In 2019 I was hired by my alma mater, the University of Southern California (USC), to rethink how learning spaces look and operate on campus. The goal for more than a year now has been to dovetail the concepts of design and technology in a way that improves pedagogical methods and learning outcomes. Our first major project was to redesign 248 learning spaces with this vision.
As we were midstream in the transformation, the global pandemic occurred. For many, this was a moment to pivot. However, what we discovered was our system was inherently fault tolerant to the challenges of learn-from-home and hybrid-models.
Because of our decision to build a system on the backbone of AV-over-IP, we were able to quickly adapt to the needs of the university and its students.

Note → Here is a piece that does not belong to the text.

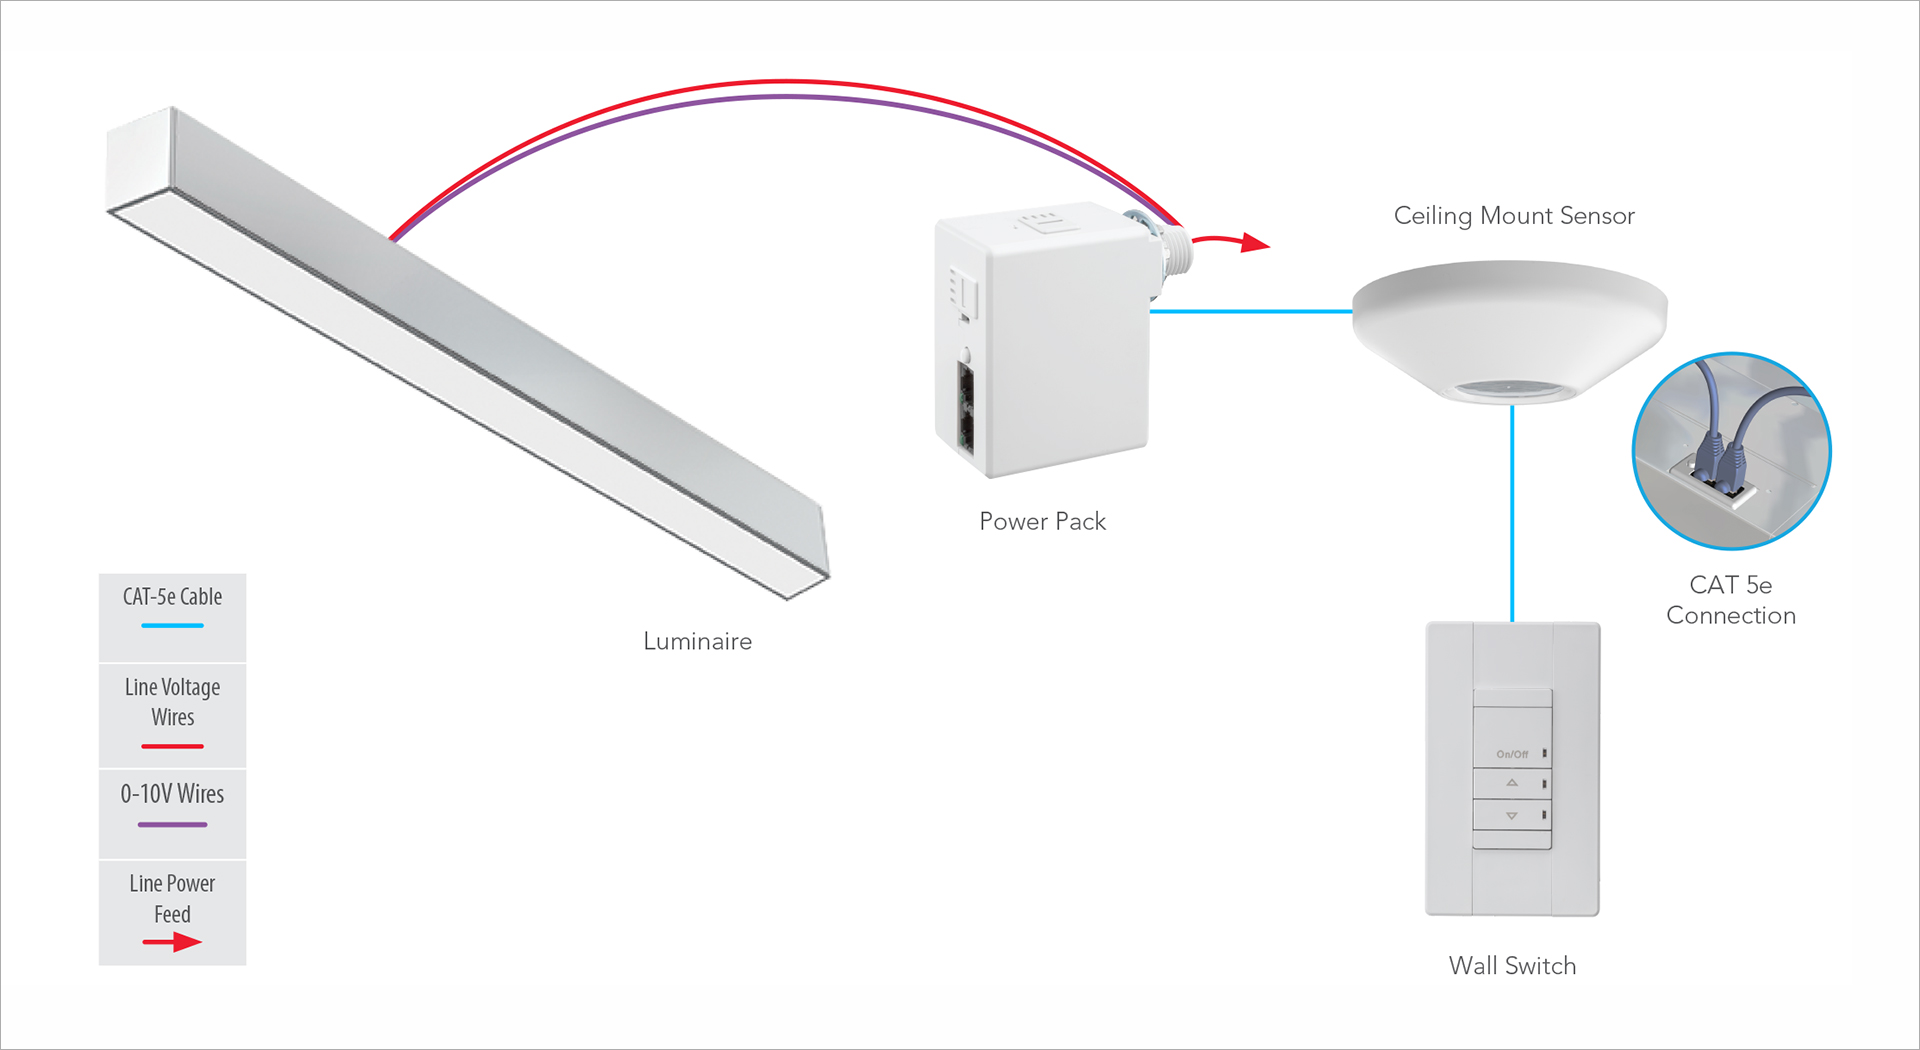 A drawing shows that nLight wired lighting controls use line voltage wires and 0-10V wires between the luminaire and power pack and a CAT-5e cable between the power pack, ceiling mount sensor and wall switch.
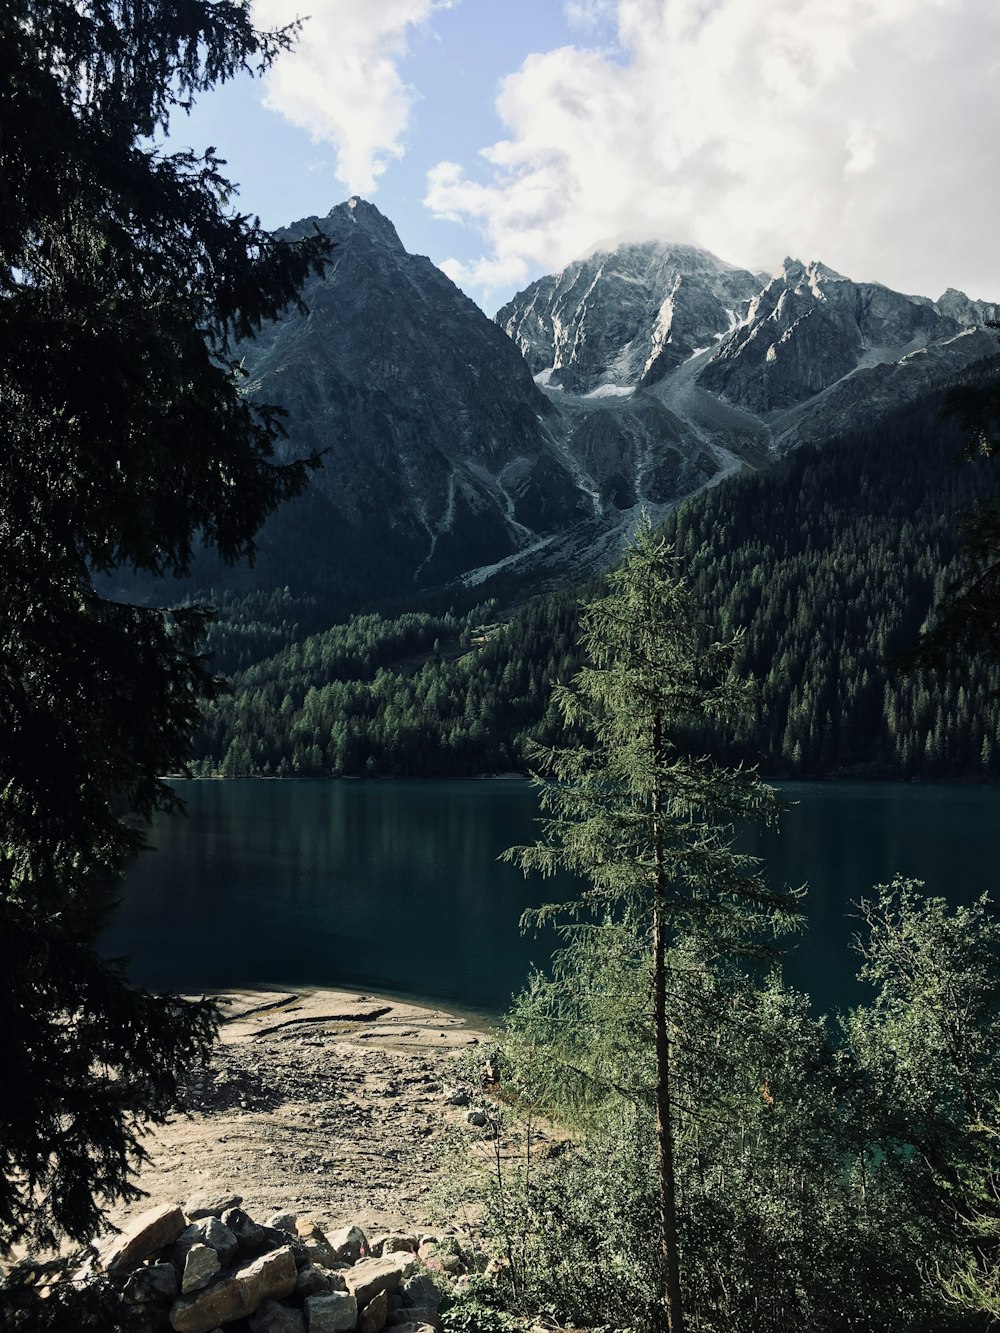 body of water and mountains surrounded by green leaf trees

Further, we were future-proofing for the unknown: we will be able to adapt to the future of learning, regardless of how or when students return to campus.
Thus, as universities and K-12 schools across the world look at the future of schools, it makes sense to share what USC is doing to empower its teachers and students – not just in the short term, but in a way that prepares for the future.
The AV-over-IP solution
We use a Crestron Flex UC Engine that integrates natively with Zoom. This means every space where a lecture is occurring is now a Zoom Virtual Room that can go live. Our video solution uses Huddly IQ video cameras that provide auto tracking and auto cropping of the lecturer or presenter. Zoom, of course, handles screensharing as well.
This was originally planned as a remote learning offering – and that has become a critical use today. That said, as we may eventually need to utilize overflow spaces to keep individuals socially distant, we can also use the Crestron workflow to send video to other classrooms where students may be located.
This leads us to the audio component. The ability to hear – or not hear – what the speaker is saying is a major determining factor on the experience for students. That said, traditional audio cabling and construction across 248 rooms would have been extremely cost prohibitive. Thus, we went with Audinate’s Dante as a backbone for our audio-over-IP offering. Dante provides near-zero latency, and this synchronization is crucial for the learning experience.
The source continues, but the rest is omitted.